Esta crisis debe hacernos recapacitar y recuperar en el comportamiento colectivo e individual el sentido de cualidades como la humildad y la responsabilidad. Somos tremendamente vulnerables. Lo construido durante generaciones puede desmoronarse en un fugaz instante. Humildad significa, en lo público y en lo privado, olvidar la suficiencia y primar la generosidad, la unidad y la sensatez. Velar, en definitiva, por las conquistas sociales y el bienestar, porque igual que vienen, desaparecen. Los políticos han actuado, en general, desnortados y faltos de coraje, en ocasiones hasta de forma irresponsable. Han puesto en riesgo la salud de miles de compatriotas, no solo despreciando una emergencia en ciernes, sino acelerando sus consecuencias.

La sociedad actuó igualmente con inconsciencia. Dudando de lo que veía. Los mensajes para extremar la higiene y reducir la actividad social fueron acogidos con escepticismo. El cierre de centros educativos, como unas vacaciones para divertirse o para una escapada, qué estupidez en la generación mejor formada de la historia. Todos tenemos la misión de atender estrictamente a las recomendaciones.

Una cosa fundamental evidencia también la pandemia: la información de excelencia, clara, precisa, fiable y rigurosa, la proporcionan los medios de comunicación profesionales, un pilar de la comunidad, la voz plural y crítica frente a las arbitrariedades, y no las redes sociales, campo abonado para miles de bulos y manipulaciones o para sesgar con anteojeras el debate. Solo la incidencia de lo que circula por internet explica obsesiones irracionales e infundadas como la del acaparamiento de productos de primera necesidad. En ninguno de los países afectados hubo desabastecimiento y hasta los millones de recluidos salen por turnos a efectuar la compra.

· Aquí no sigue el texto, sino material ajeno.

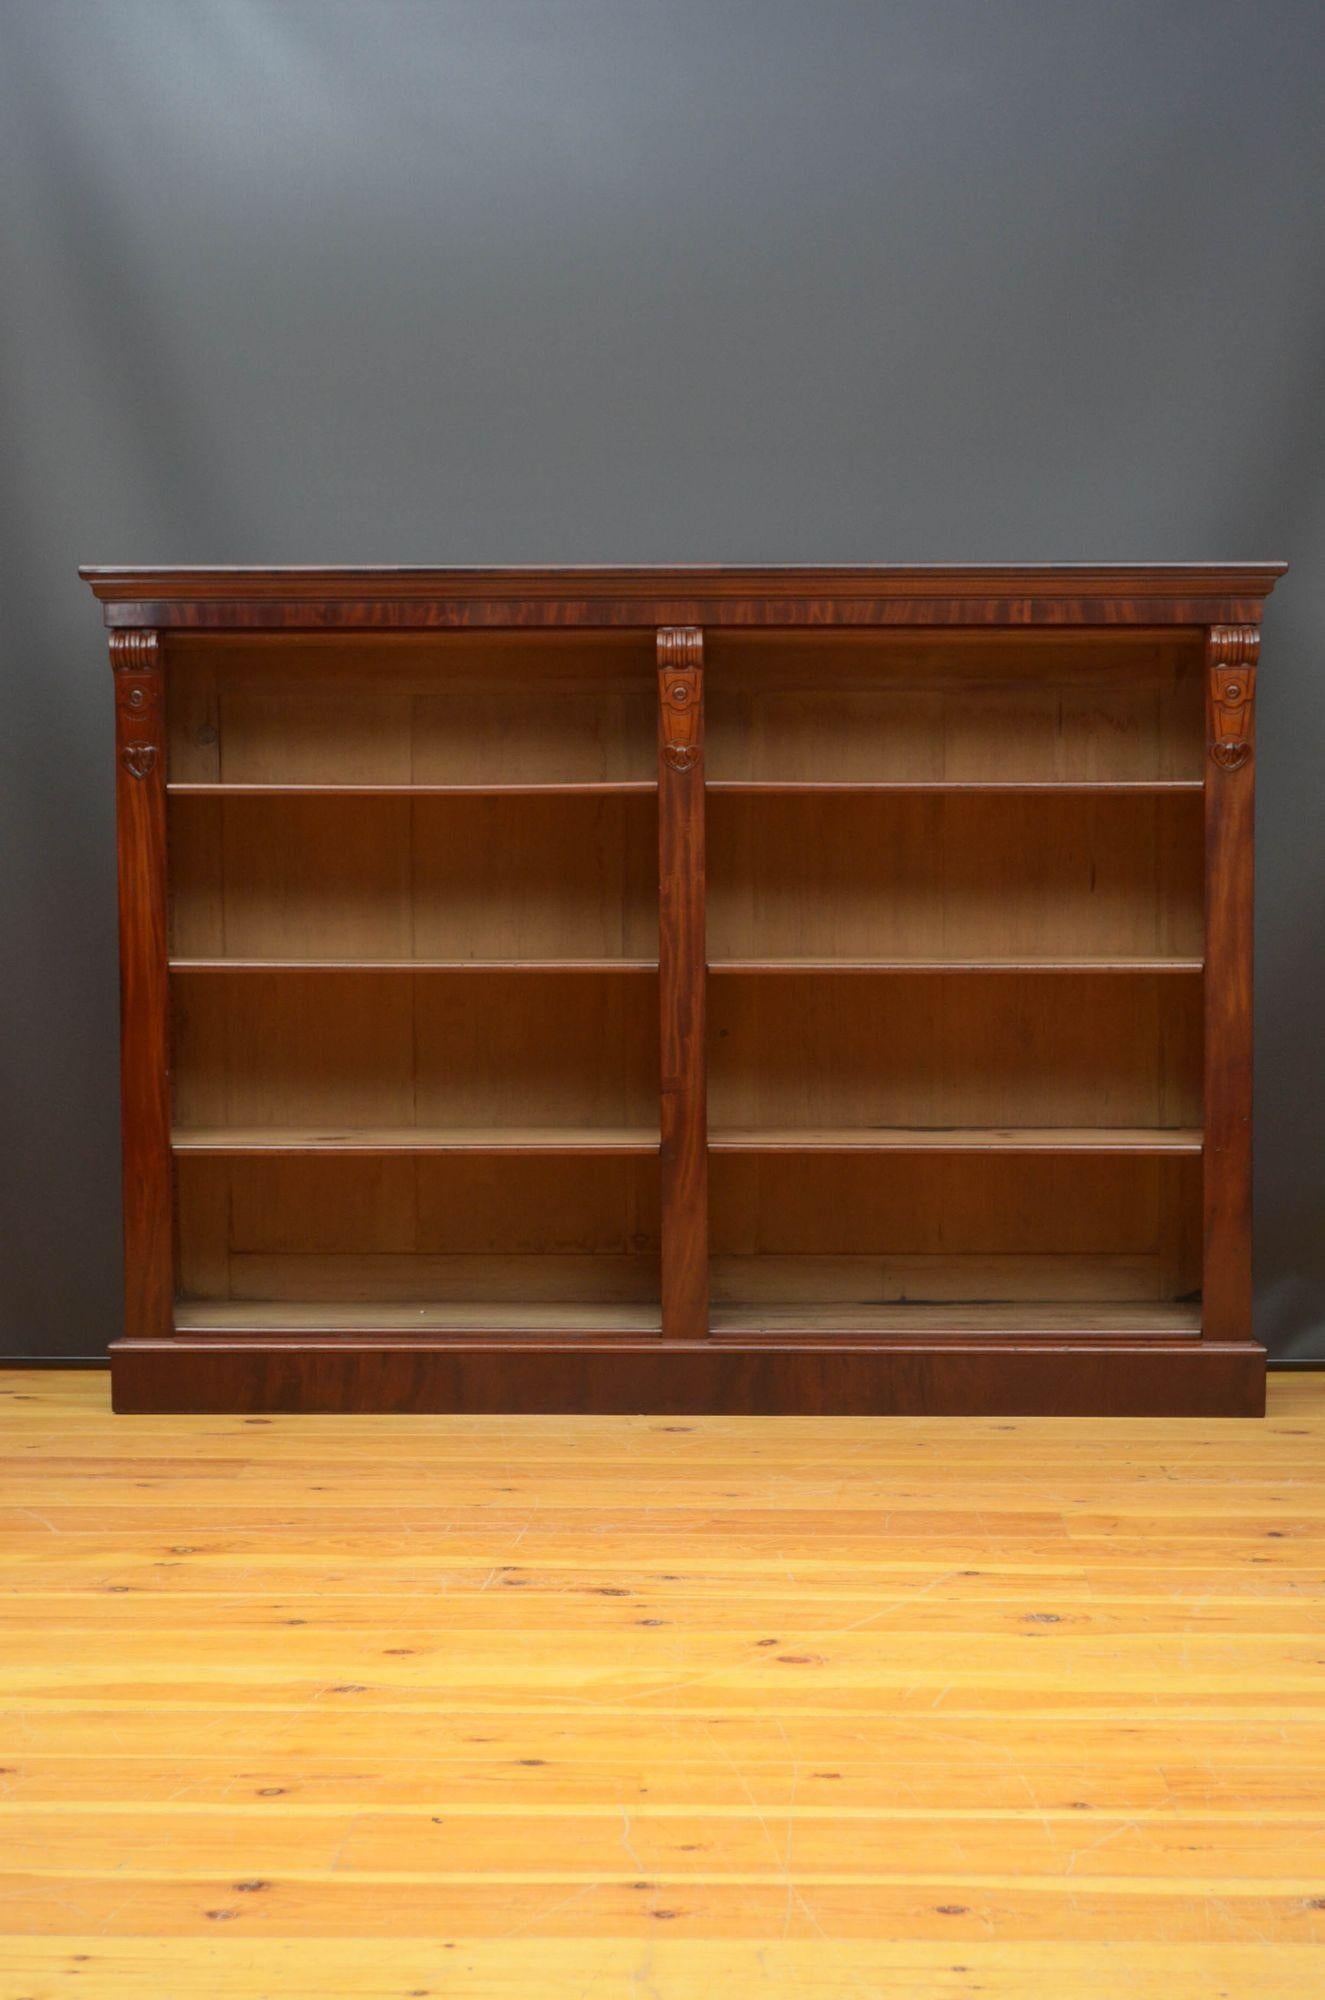 Sn5377 Fine quality large Victorian mahogany bookcase, having figured mahogany top above shallow frieze and two open sections with height adjustable shelves, all flanked by fine quality drop carvings, standing on moulded plinth base. This antique

El daño económico suma cifras desorbitantes. El parón desarbola una producción que ya sangraba por otras heridas. En vez de acometer reformas y de solidificar el erario desde la última crisis, la deuda y los momios asfixian los presupuestos. El coste será tremendo, aunque carece de sentido en estos instantes mortificarse. La verdadera prioridad es médica y consiste en que Galicia, España y el mundo salgan rápido de esta y con los menores rasguños. Solo el personal sanitario con su entrega sigue estando a la altura. Qué importancia adquiere preservar la sanidad de los recortes.

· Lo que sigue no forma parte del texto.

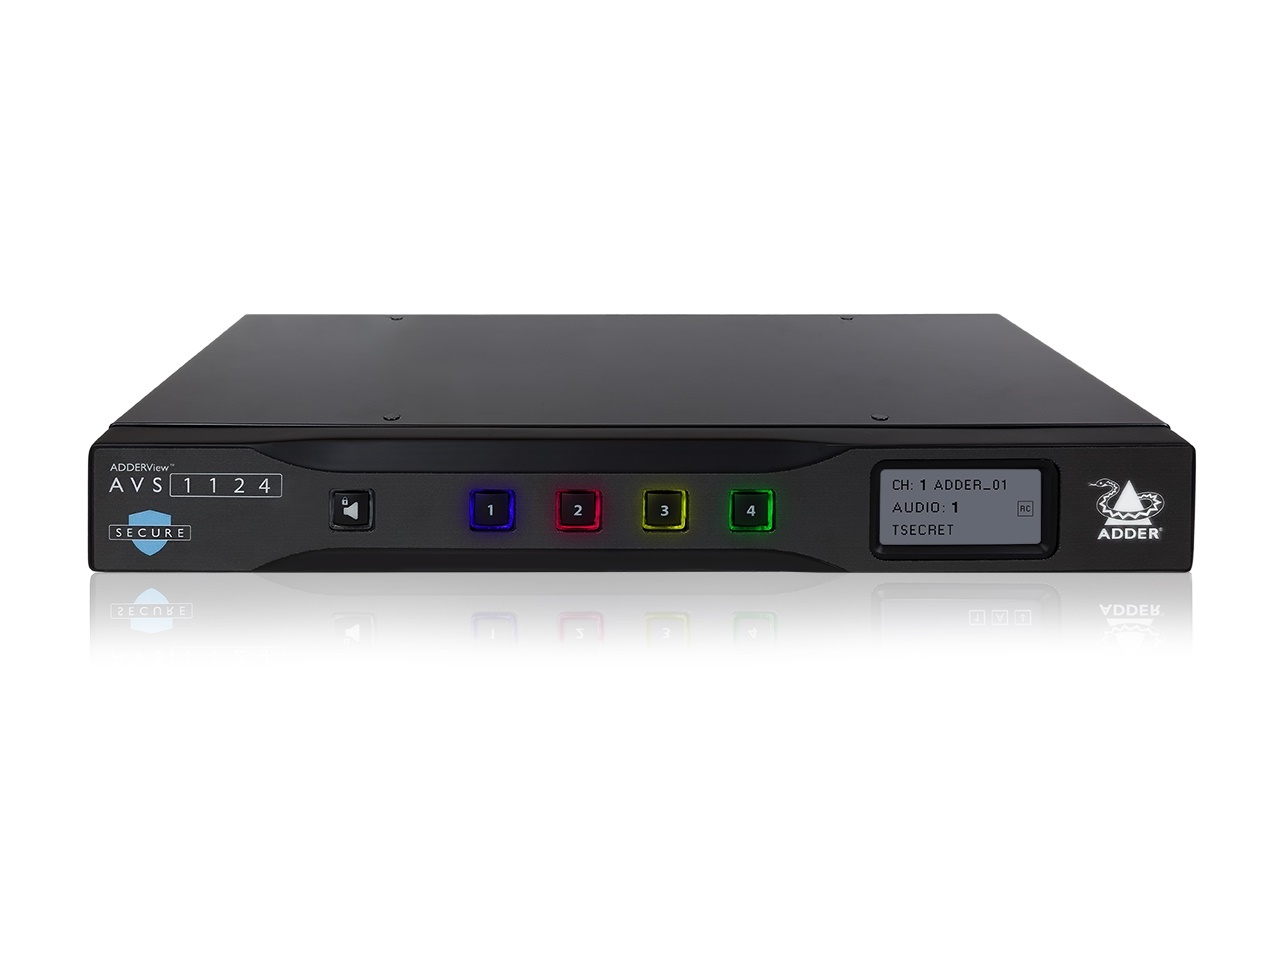 AVS-1124 ADDERView Secure 4-Port Multi-Viewer Switch with UHD 4K Video Output by Adder

Hoy lo realmente importante es defender lo mejor posible, con todos los recursos al alcance, elevándolos hasta donde sea posible e incluso más allá, la salud de los ciudadanos. No hay otra prioridad. Por eso, parece lógico dejar de pensar en cualquier otro objetivo, como la celebración de las elecciones autonómicas del próximo 5 de abril. Cuando las autoridades sanitarias están urgiendo a los gallegos, y españoles, a tomar medidas extremas, a aislarse en sus casas, a padecer onerosos sacrificios, para defender sus vidas..., ¿tendría realmente sentido mantener la convocatoria electoral?, ¿estaría realmente garantizada la participación de todos los ciudadanos en las urnas?

Puestos a encontrar un resquicio, miremos la hecatombe como una oportunidad para fortalecernos y para promocionar valores como la solidaridad, el compromiso, el respeto y el civismo. En la situación más extrema posible de esta fase, y efectos económicos aparte, el drama va a reducirse a una reclusión en los hogares. No es tan incómodo ni desagradable. Bendita normalidad. Vamos a conseguirlo.